===== Material for the task

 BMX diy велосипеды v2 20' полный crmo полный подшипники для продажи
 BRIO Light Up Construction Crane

==========
===== Material for the task

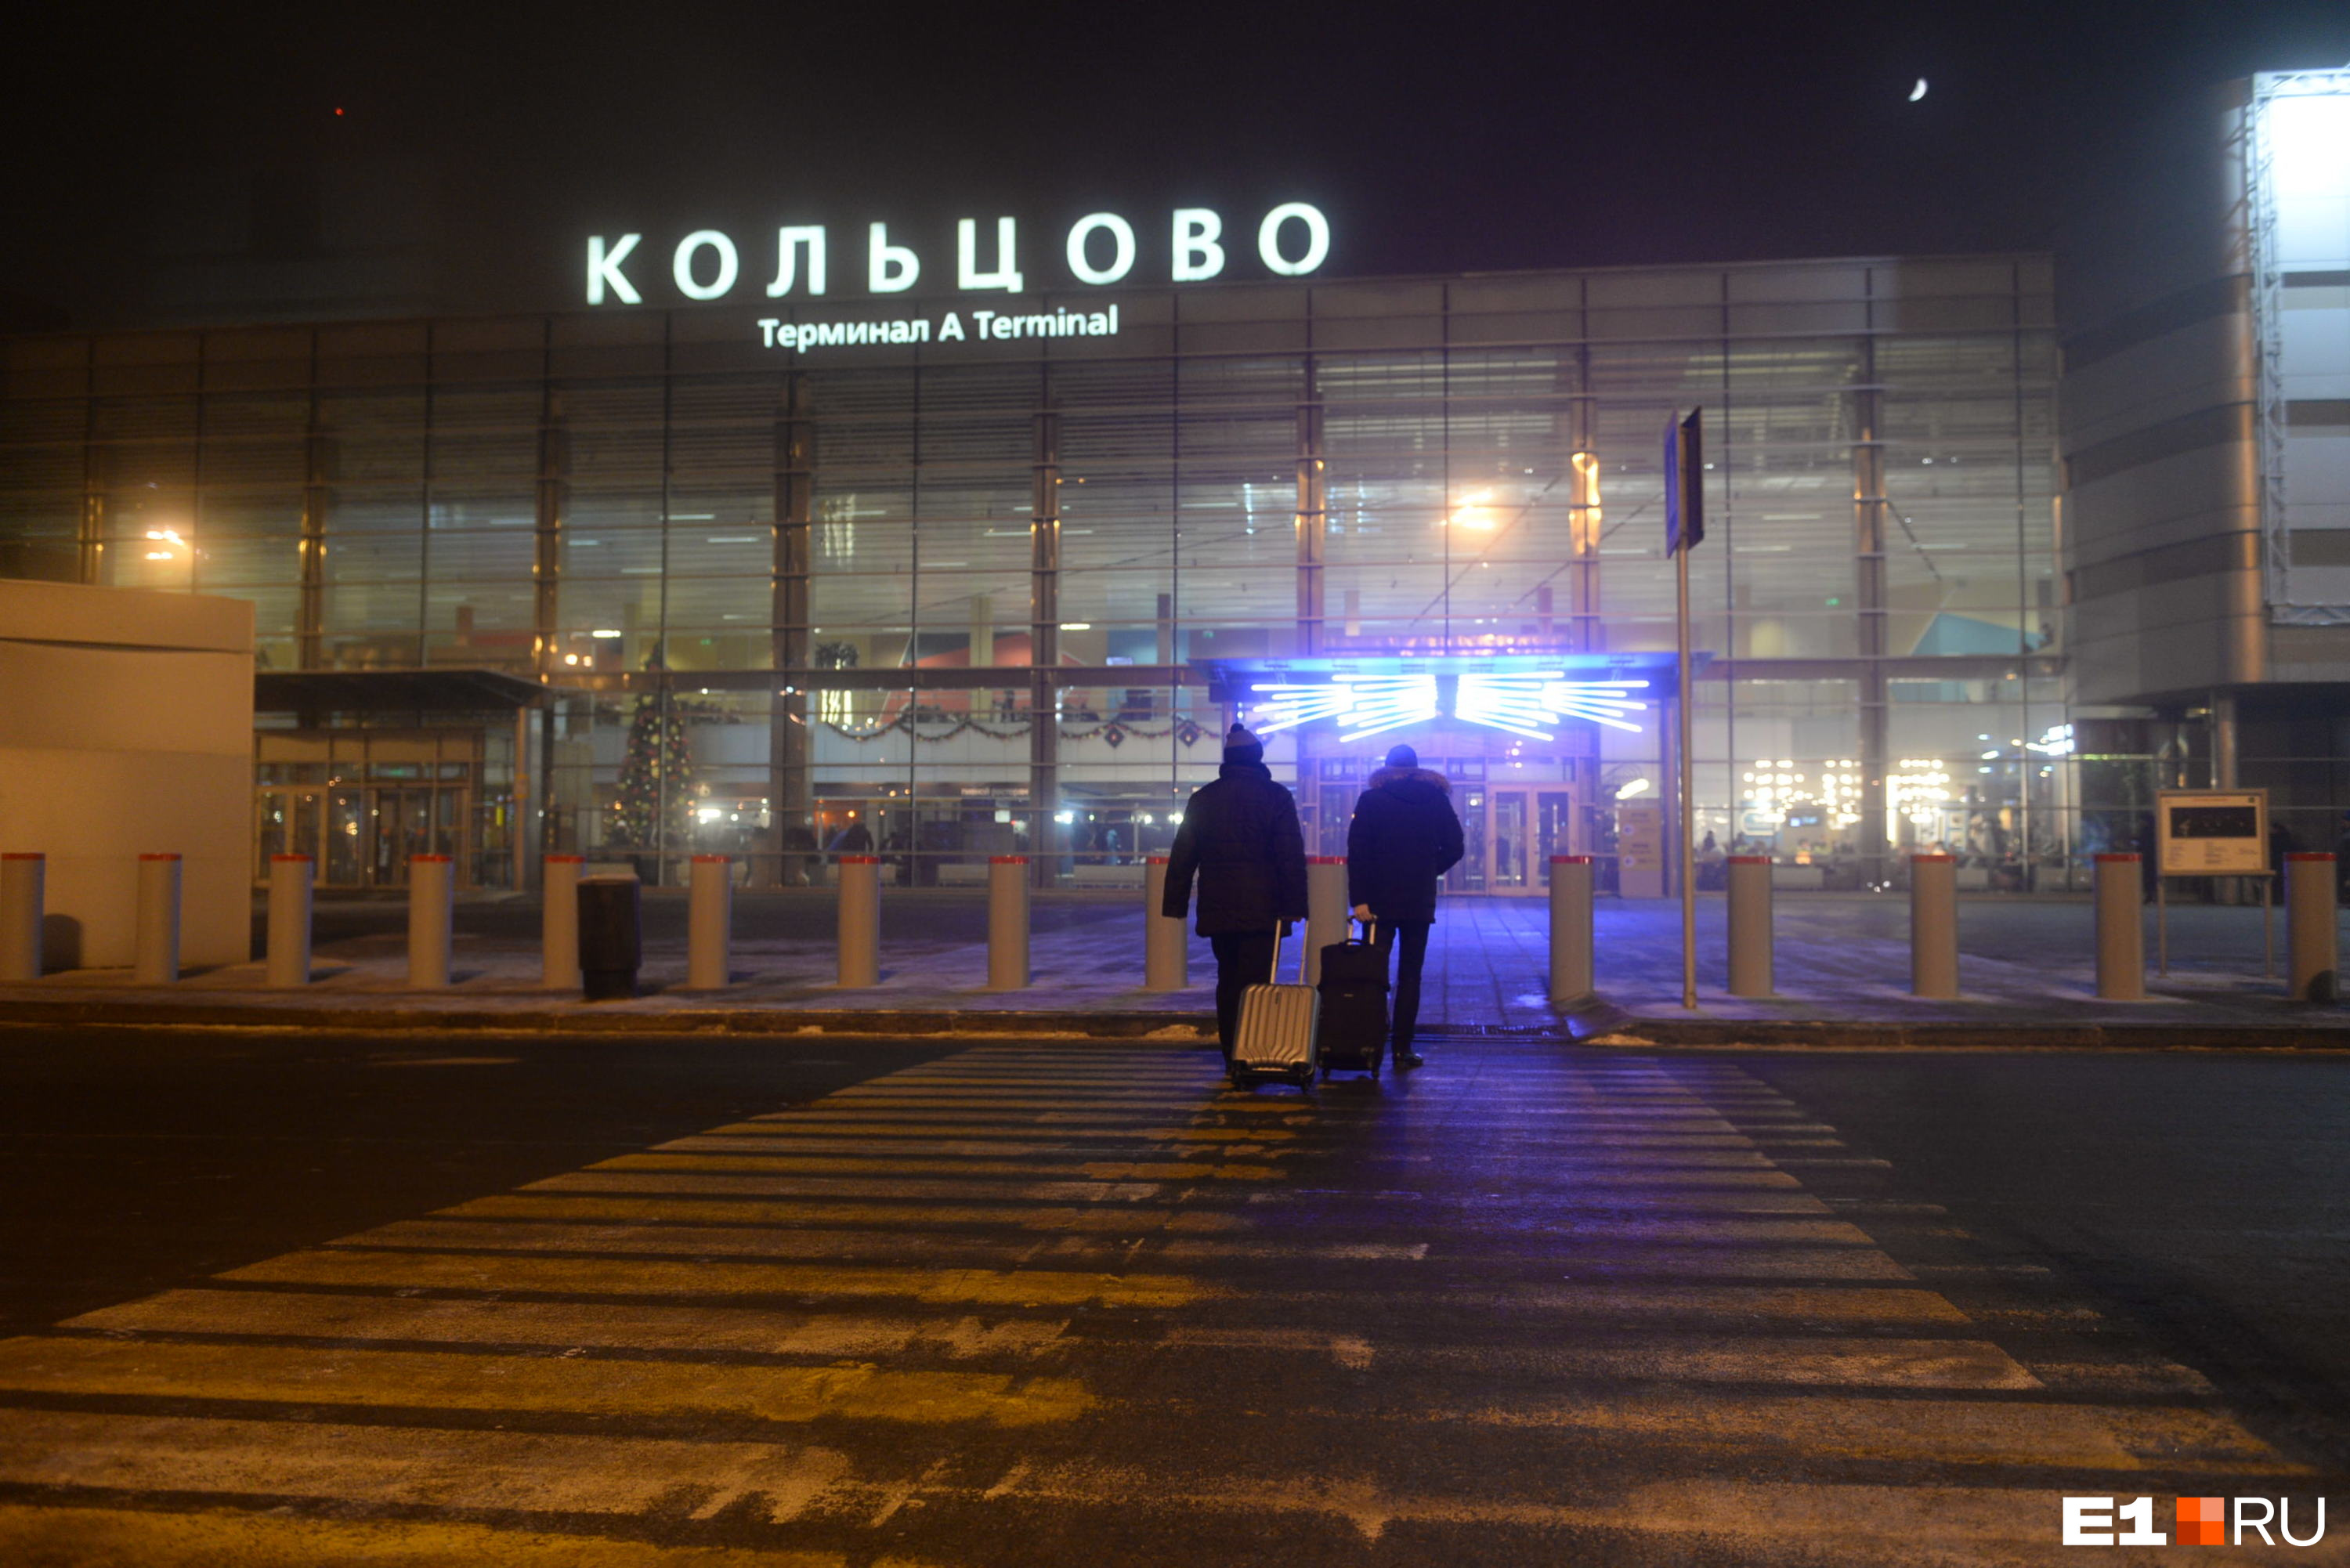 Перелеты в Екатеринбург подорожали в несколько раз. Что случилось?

==========

Task prompt ->
Look above for the line with "BMX diy велосипеды" and the line with "BRIO Light Up Construction Crane"; transcribe both and all lines in between, exactly, and nothing else.

Written reply ->
 BMX diy велосипеды v2 20' полный crmo полный подшипники для продажи
 BRIO Light Up Construction Crane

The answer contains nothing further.